FIG. 1 is a schematic diagram of a hot wire distribution model according to an embodiment of the present invention;
FIG. 2 is a schematic diagram illustrating an event extraction process according to an embodiment of the present invention;
FIG. 3 is a schematic diagram of a relationship pattern according to an embodiment of the present invention;
fig. 4 is a schematic diagram of a sub-graph retrieval process according to an embodiment of the present invention.
Detailed Description
The present invention will be further described in detail with reference to specific embodiments in order to make the objects, technical solutions and advantages of the present invention more apparent.
It is to be noted that unless otherwise defined, technical or scientific terms used herein should be taken in a general sense as understood by one of ordinary skill in the art to which the present invention belongs. The terms "first," "second," and the like, as used herein, do not denote any order, quantity, or importance, but rather are used to distinguish one element from another. The word "comprising" or "comprises", and the like, means that elements or items preceding the word are included in the element or item listed after the word and equivalents thereof, but does not exclude other elements or items. The terms "connected" or "connected," and the like, are not limited to physical or mechanical connections, but may include electrical connections, whether direct or indirect. "upper", "lower", "left", "right", etc. are used merely to indicate relative positional relationships, which may also be changed when the absolute position of the object to be described is changed.

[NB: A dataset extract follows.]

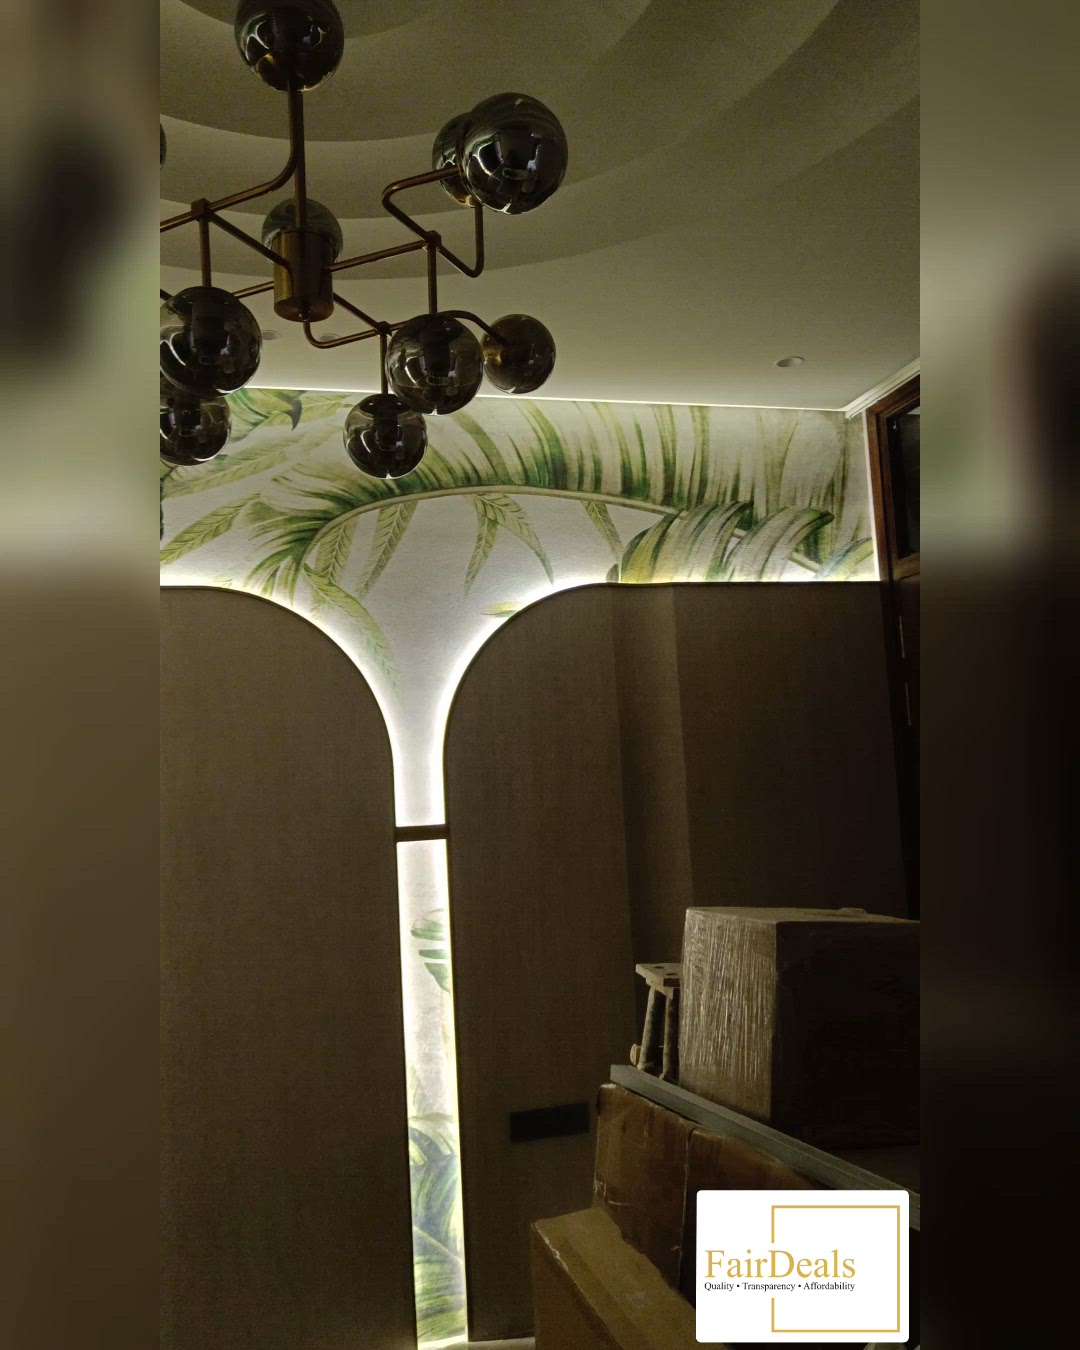 Customised Wallpaper Installed By FairDeals 😍😍

Contact For Wallpaper, PVC False Ceiling, Wooden Flooring, PVC Flooring, SPC Flooring, PVC Wall Panel, WPC Louvers, Charcoal Louvers, Artificial Grass, Vertical Garden, Blinds Etc. 
📱 - 8107940665
        7878443883
#fairdeals #fairdealsjaipur #jaipur #WallDecors #LivingRoomWallPaper #customized_wallpaper #LivingroomDesigns #WallDesigns #HomeAutomation #ElevationHome #HomeDecor #homedecoration #InteriorDesigner #LivingRoomInspiration #Architectural&Interior #Architect #architecturedesigns #HouseDesigns #CivilEngineer #engineers #Contractor #interiorcontractors #PVCFalseCeiling #Pvc #Pvcpanel #business #Sales #sale #marketing #viralkolo #koloapp #digital #enterpreneur #installation #jaipurtourism #jaipurdiaries #jaipurfoodblogger #jaipurcity #jaipuri #jaipurcityblog #rajasthan #interior_designer_in_rajasthan #rajasthani #rajasthandiaries #pinkcity #pinkcityjaipur #instahome #Installing #louver #louversplank #louvers #charcoalpanels

As shown in fig. 1, for a given input event text, the invention firstly adopts an event extraction algorithm to acquire event trigger words, event types and event roles and performs sub-graph retrieval so as to acquire graph representation features in combination with a fusion-GCN model; secondly, the text retrieval method based on GloVe word vectors is adopted to obtain the most relevant 'third-order' responsibility text, and BERT is adopted to obtain the 'third-order' responsibility representation vector; then, extracting event text features by adopting a BERT model, and generating a fusion event vector set by combining a department entity set in the subgraph; finally, the invention fuses the event vector set elements, the graph representation features and the 'three-definition' responsibility representation vectors to conduct department score prediction, and sorts and outputs the optimal allocation departments according to the score result.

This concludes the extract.